My comments are that it (Caddis's re-write) was funny as hell. That article was written almost ten years ago and I did feel that way at the time. Obviously, I feel different now, but you know what--I don't have thin skin. If anyone's ever read my stuff, I pick on myself more than anyone else does. So, yeah...that article is out there, let 'er rip! If I was afraid of that stuff coming back to haunt me, I'd have had Steve pull it off the site a long time ago. It was what it was, and it is what it is.


----------



## Frogfish101 (Apr 5, 2007)

Real flyfisherman don't centerpin. 



bigfisherman said:


> No body said they aren't snagging but nothing is more effective for lining fish than a fly reel because you can precisly control the length of your drift repeating the same drift time and agian and provide the perfect presentation as described in that wonderfully written article so that you can repeated drift to the exact same spot to "trigger" them to aggressively strike your egg fly................ in other words setup properly position yourself to line the fish. ya I know you guys are the masters at getting these bitter kings in shallow water hooking 50-100 per day in the mouth while I drift the same areas with a center pin and real eggs and never hook those wonderful kings am only able to manage a steelhead or two. It isn't fly fishing that is snagging it is snagging that is snagging. I really enjoy fly fishing and do it more than most "fly fisherman" but if you aren't at least casting the line and not a weight you aren't fly fishing. If you are chucking big streamers for kings or swinging for them with spey flys and your hookups are typically in the single digits you are not snagging if you are getting 50 hookups per day consistantly on kings with a flyrod there is a good chance those are not biting fish.


----------



## Steve (Jan 15, 2000)

Rupej and others who have asked for serious advice on fly fishing for Salmon in our NW water I apoligize for what has happened on this thread. Good luck to you.


----------



## Chip (Jun 6, 2005)

#4 Chart. Marabou Muddler

#4 Big Ugly Purple and Cherise ESL


At night and during the low light hours, make sure you have lots of glow stuff tied in and flash it often. You will get fish that swallow the fly and are fair hooked if you put your time in. I like to fish away from other people, like previously mentioned. Sometimes I put scent on my flies, sometimes I put a wobble glo and a bead in front of a streamer to give it more action and a bigger profile.
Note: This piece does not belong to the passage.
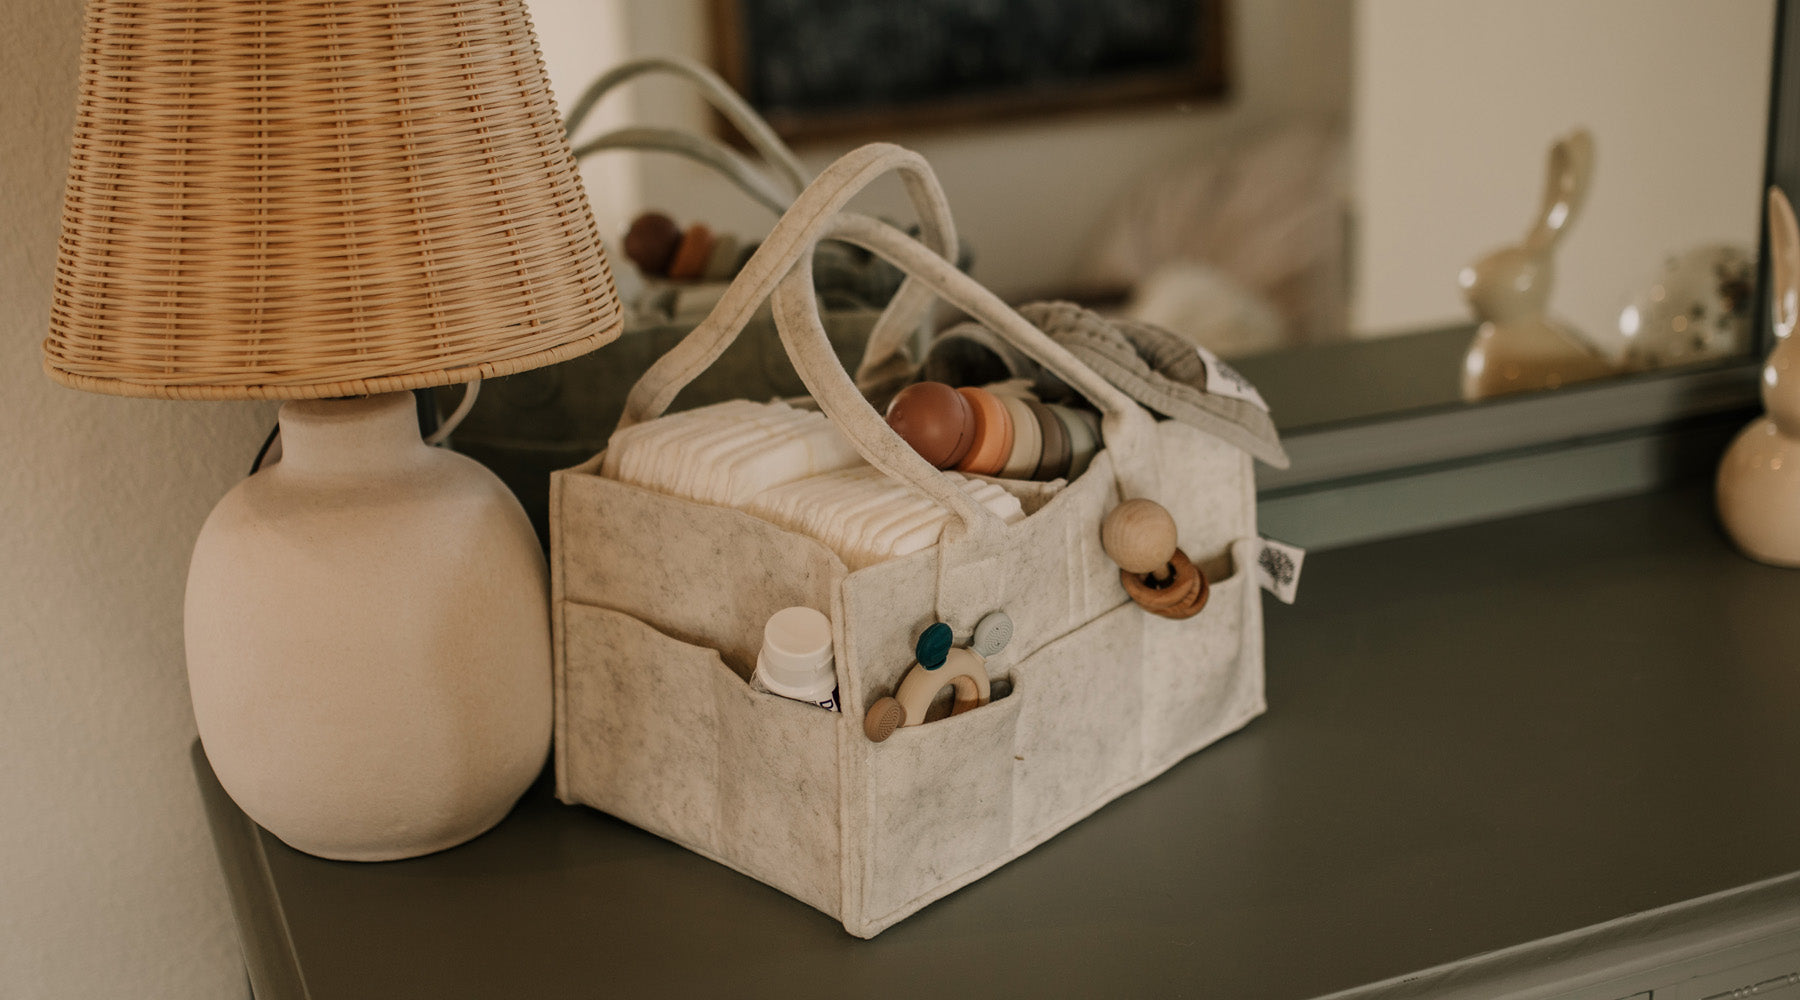 An In-Depth Review of the Parker Baby Co. Felt Diaper Caddy

Good luck and post picts of your success when you get those "head shakers".

Chip


----------



## bigfisherman (Nov 9, 2007)

Frogfish101 said:


> Real flyfisherman don't centerpin.


That is why I don't refer to myself as a flyfisherman I certianly wouldn't want to tarnish my reputation.........:lol: Funny because I can garuntee I have caught more and bigger fish, spent more time with a fly rod in my hand, and can fish more fly techniques, than most people that call themselves flyfisherman. I consider myself a multi species multi technique fisherman and choose the techniques that I enjoy and find productive. I fish many species of fish with most techniques that can target those fish. Most of all I fish for fun and could care less what I call myself or anyone else calls me.


----------



## UltimateOutdoorsman (Sep 13, 2001)

Frogfish101 said:


> Real flyfisherman don't centerpin.


Oh give me a freakin break.


----------